▸ Records shown
►
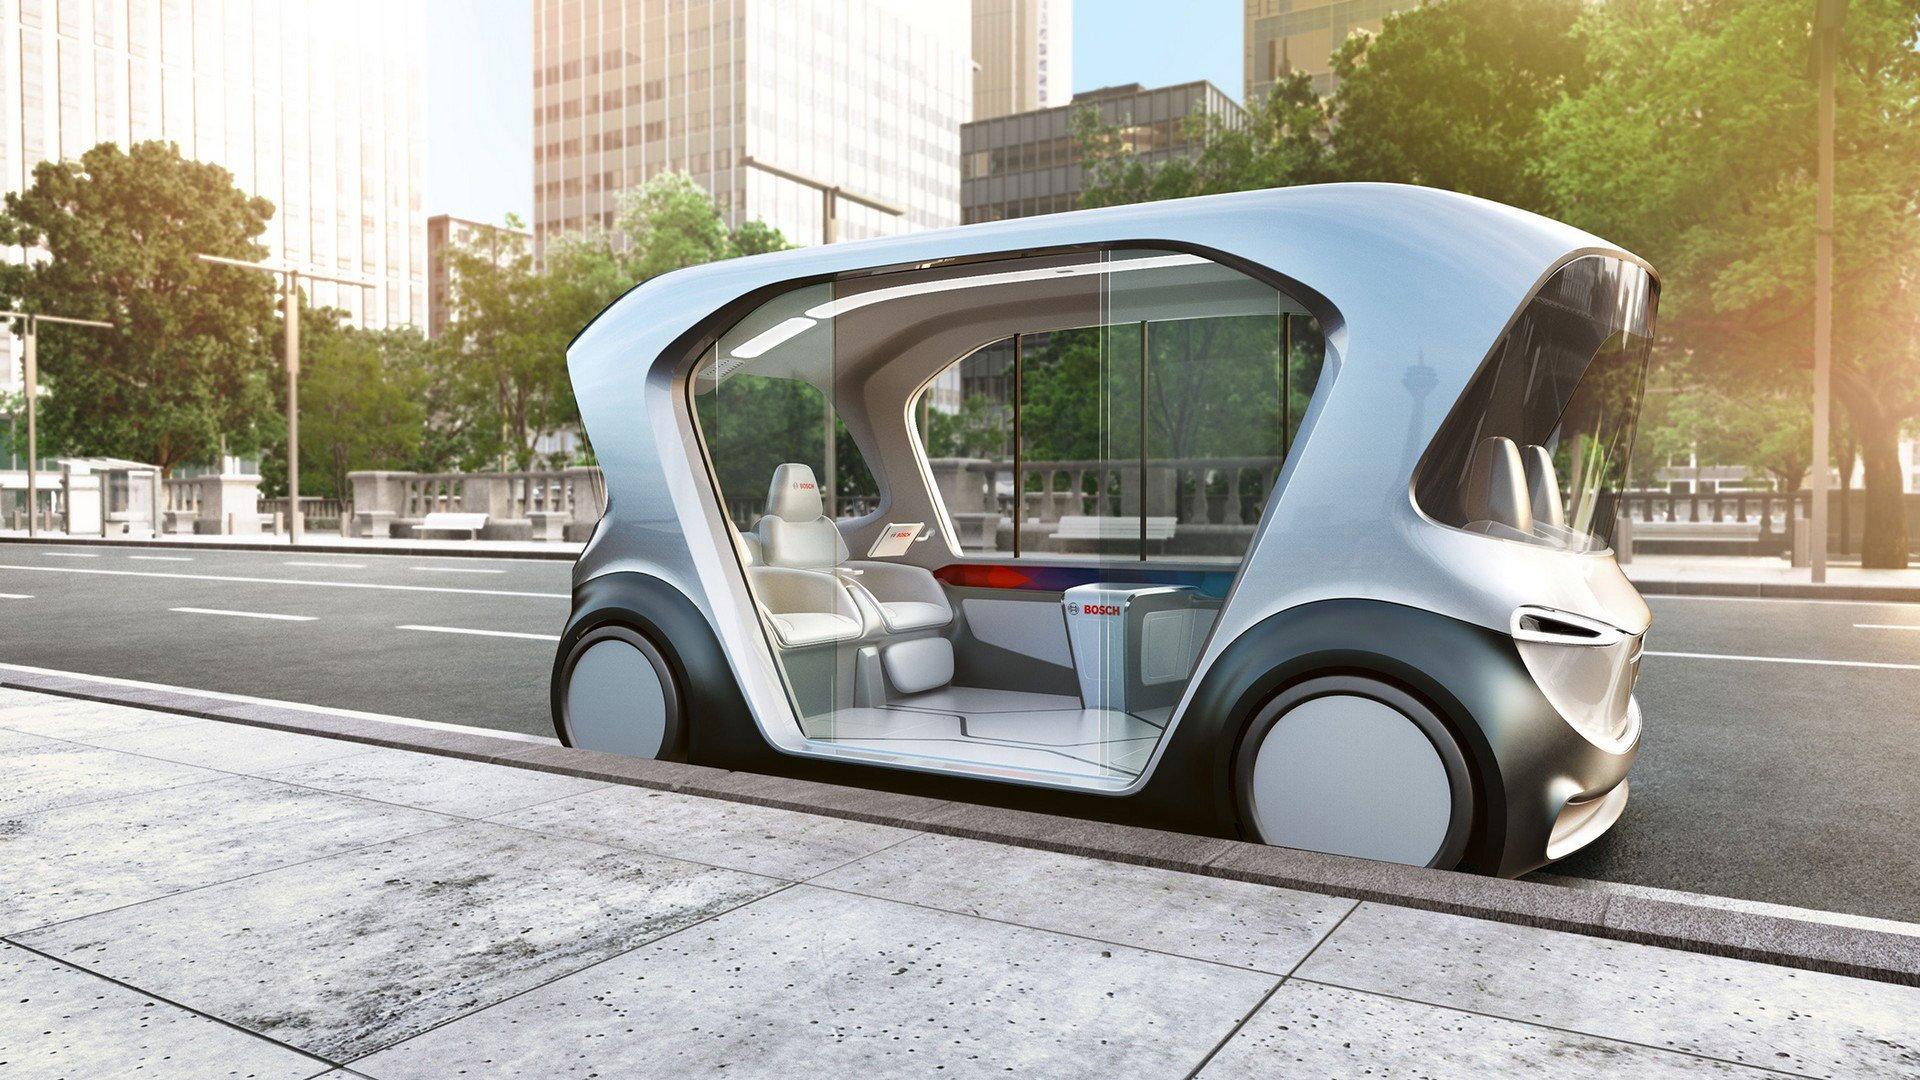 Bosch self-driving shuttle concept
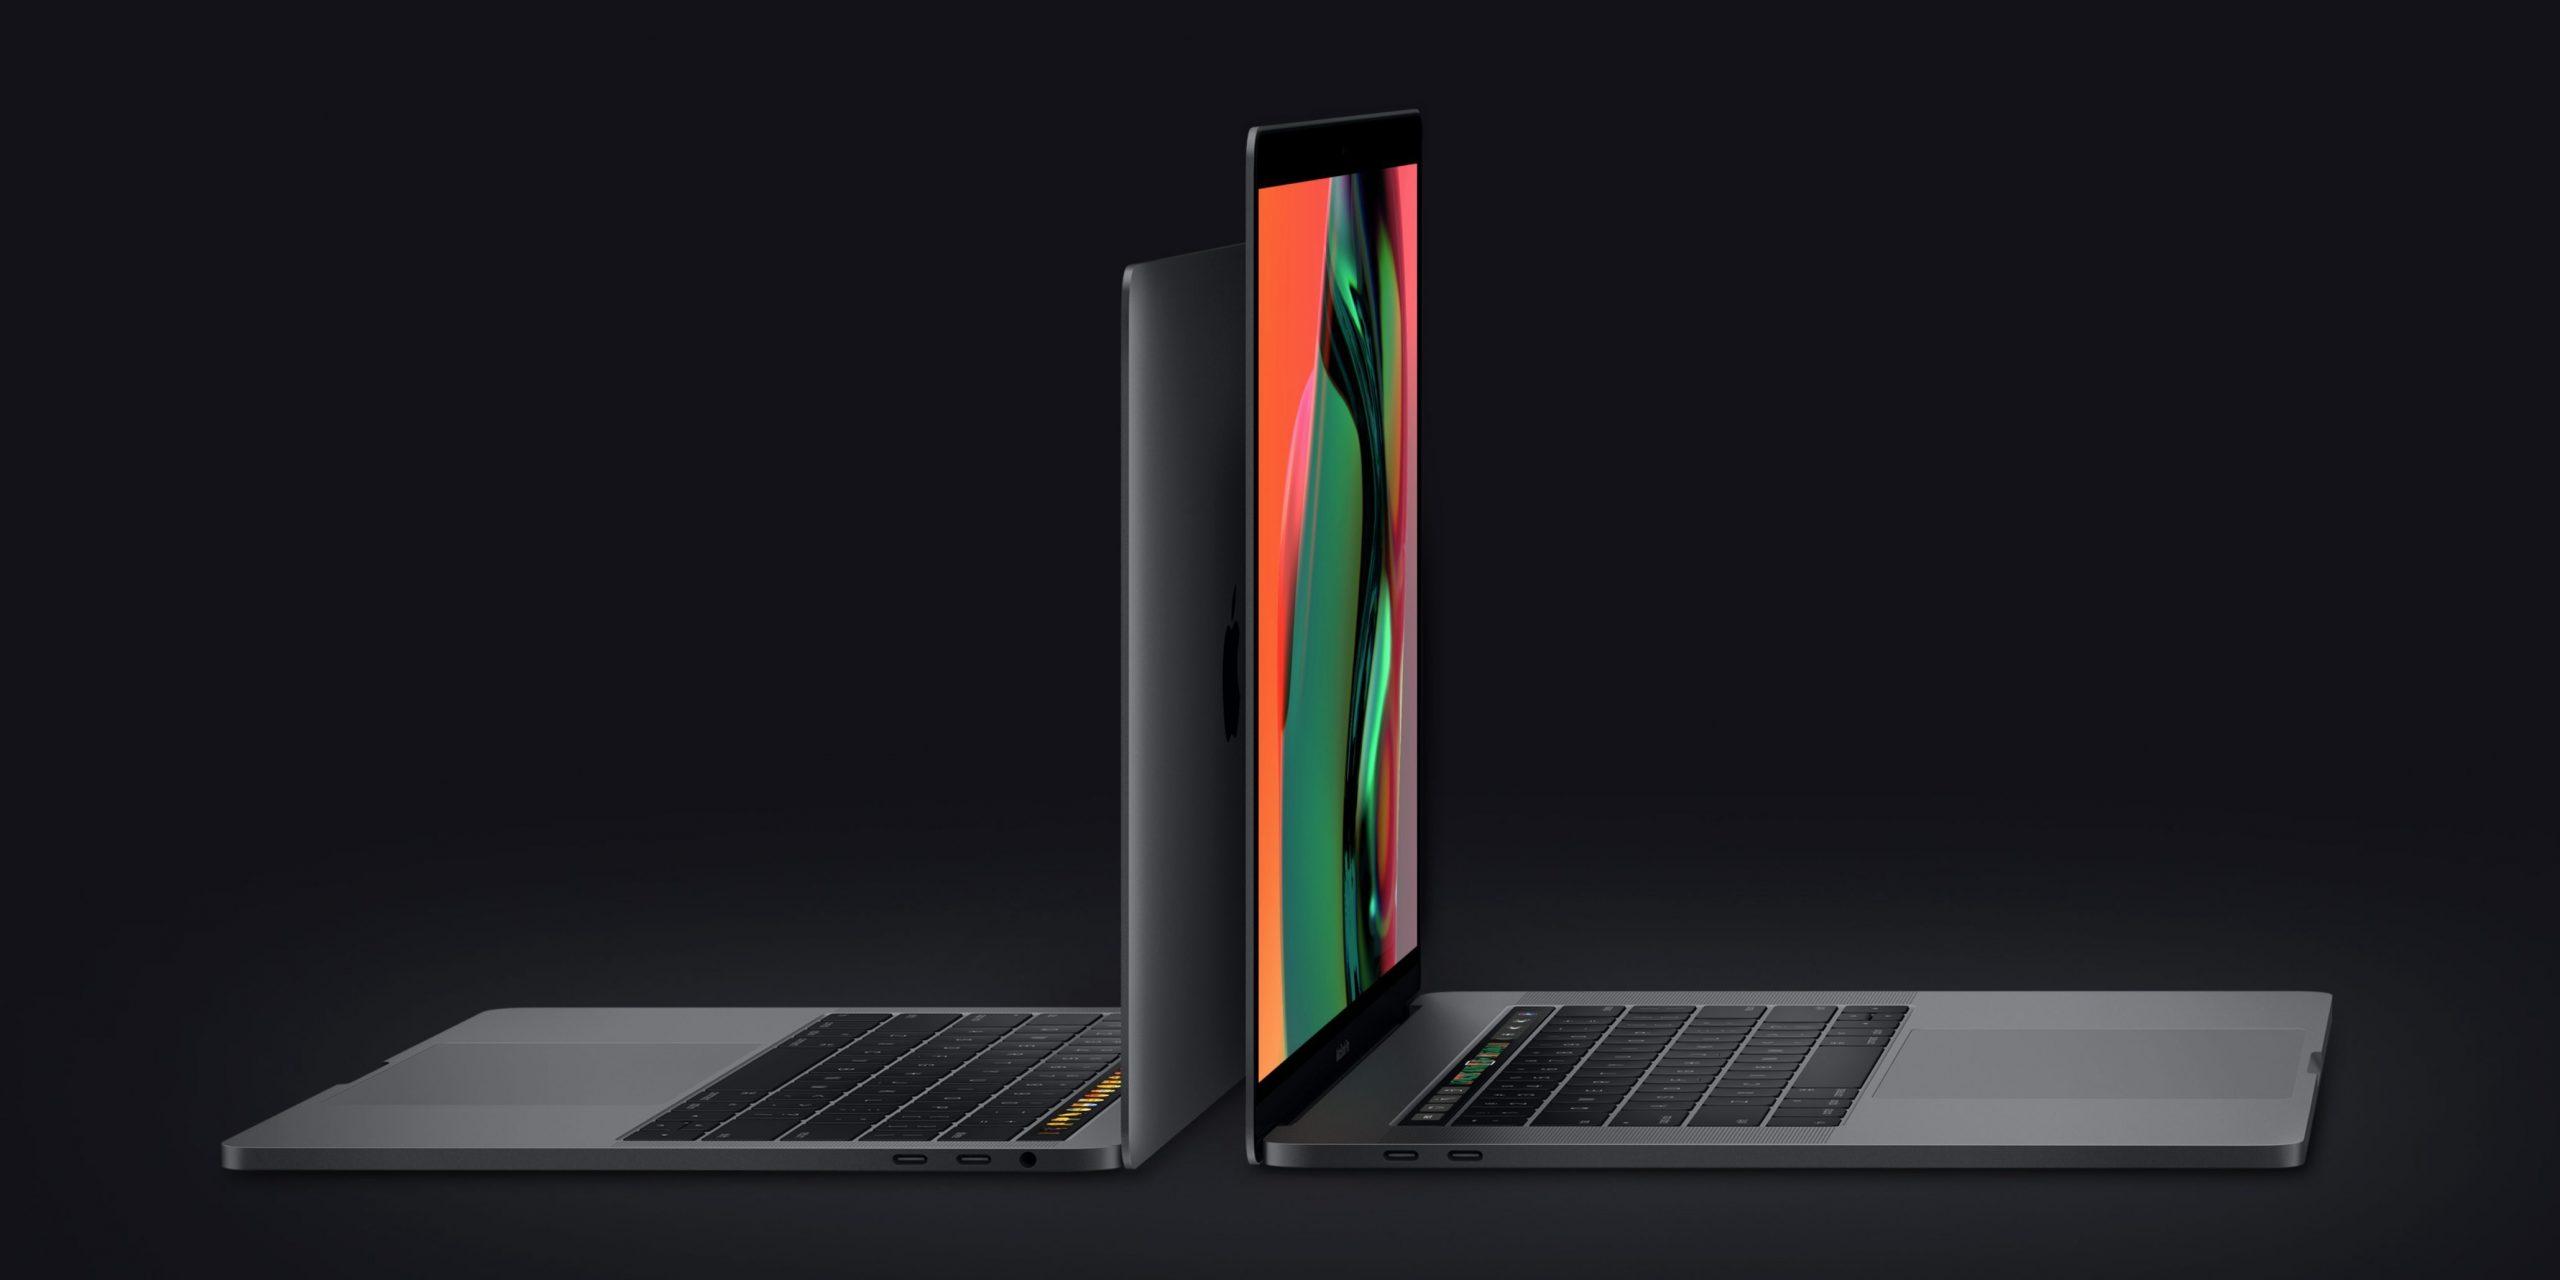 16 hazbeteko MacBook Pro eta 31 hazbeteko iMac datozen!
◄
►
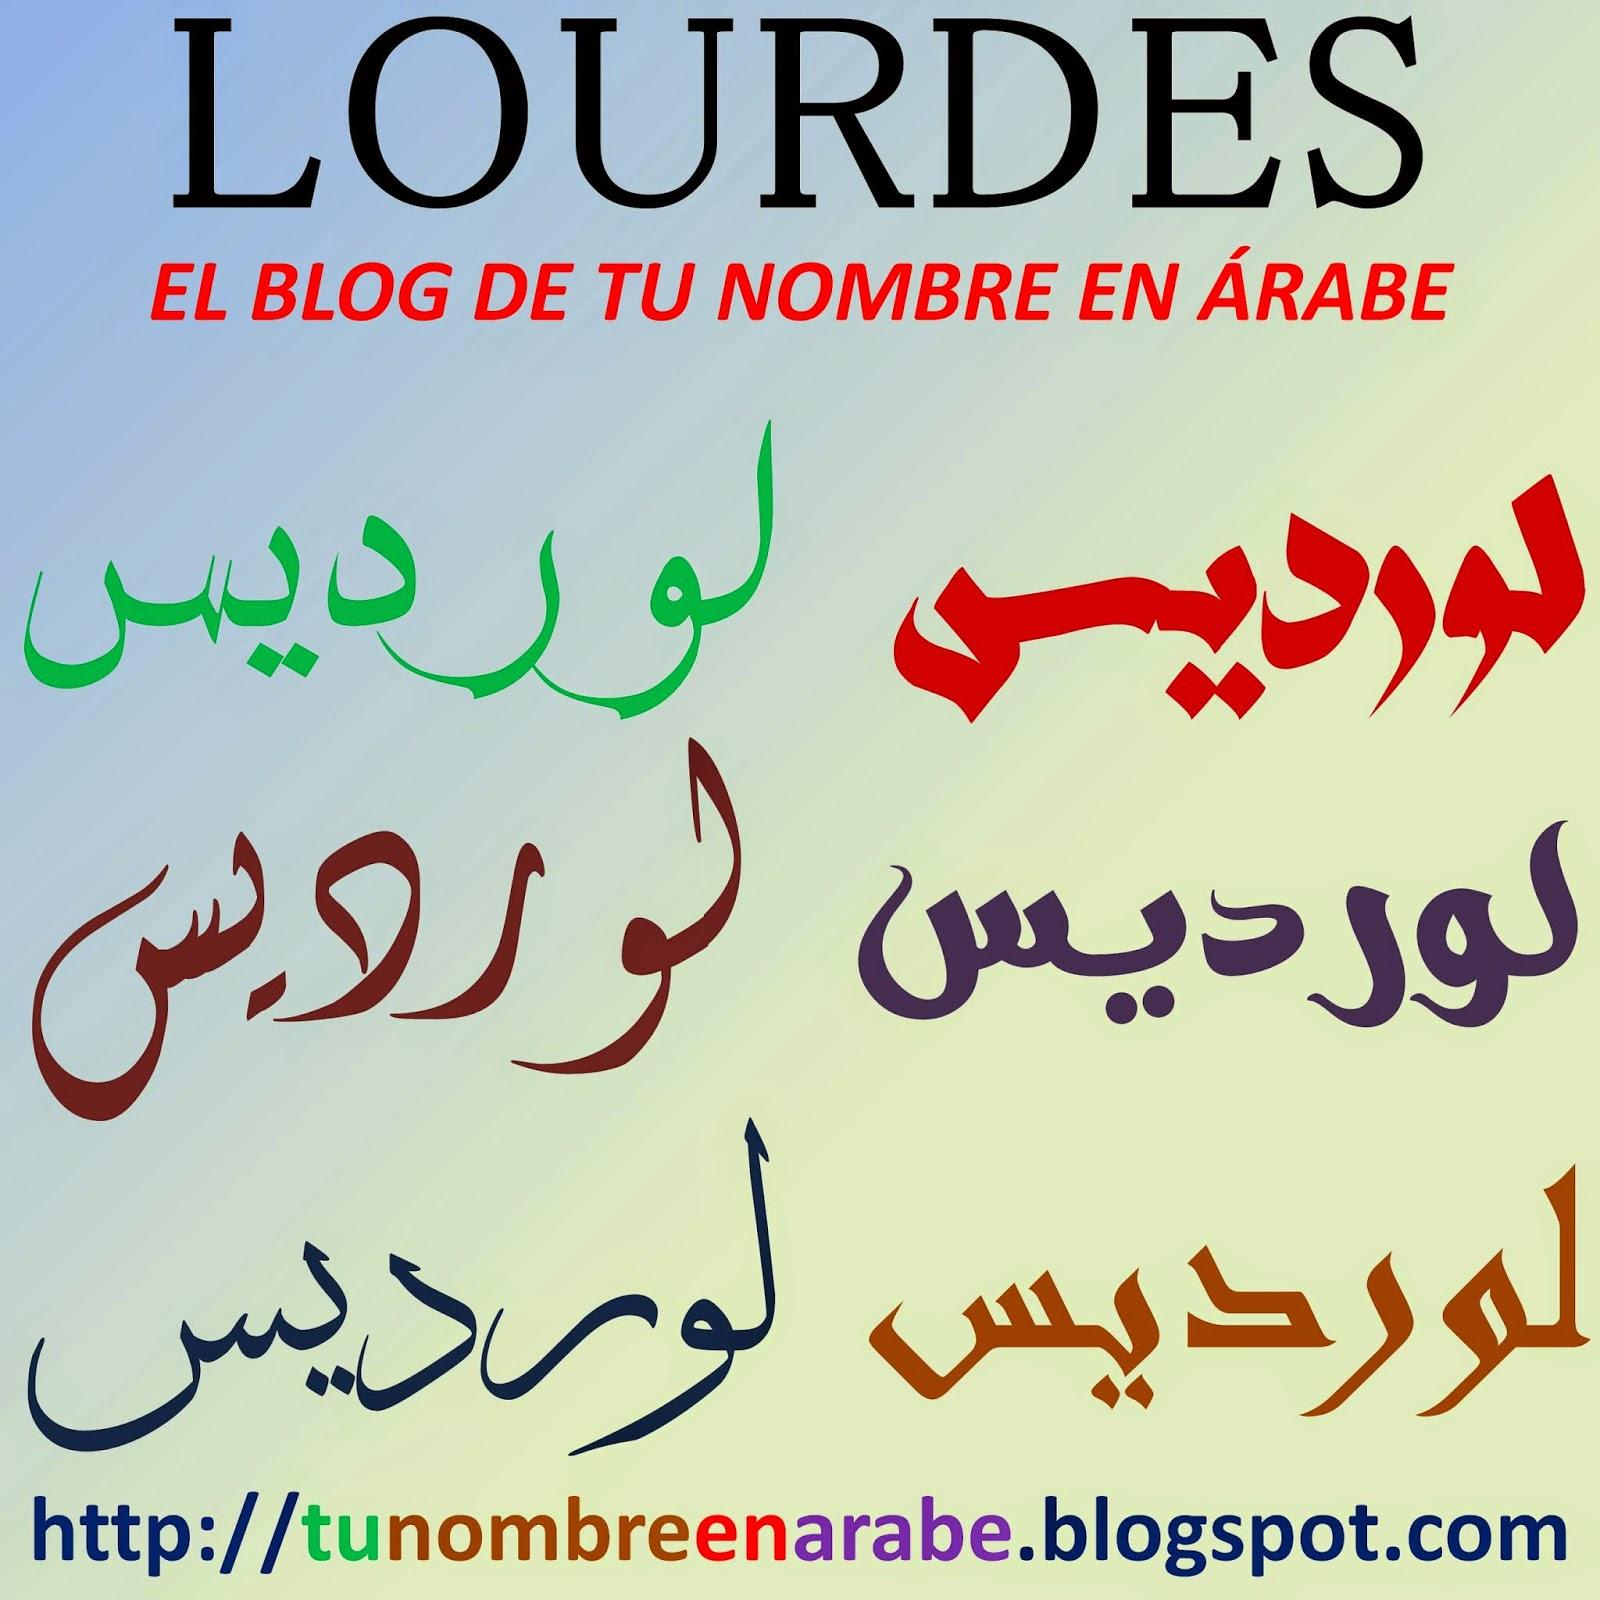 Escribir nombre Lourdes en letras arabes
◄
▸ What you are asked to do
Give back exactly the lines of the listing above from the one that contains "Bosch self-driving shuttle concept" up to and including the one that contains "16 hazbeteko MacBook", but not the pictures, and no other lines.

▸ The answer
 Bosch self-driving shuttle concept
 16 hazbeteko MacBook Pro eta 31 hazbeteko iMac datozen!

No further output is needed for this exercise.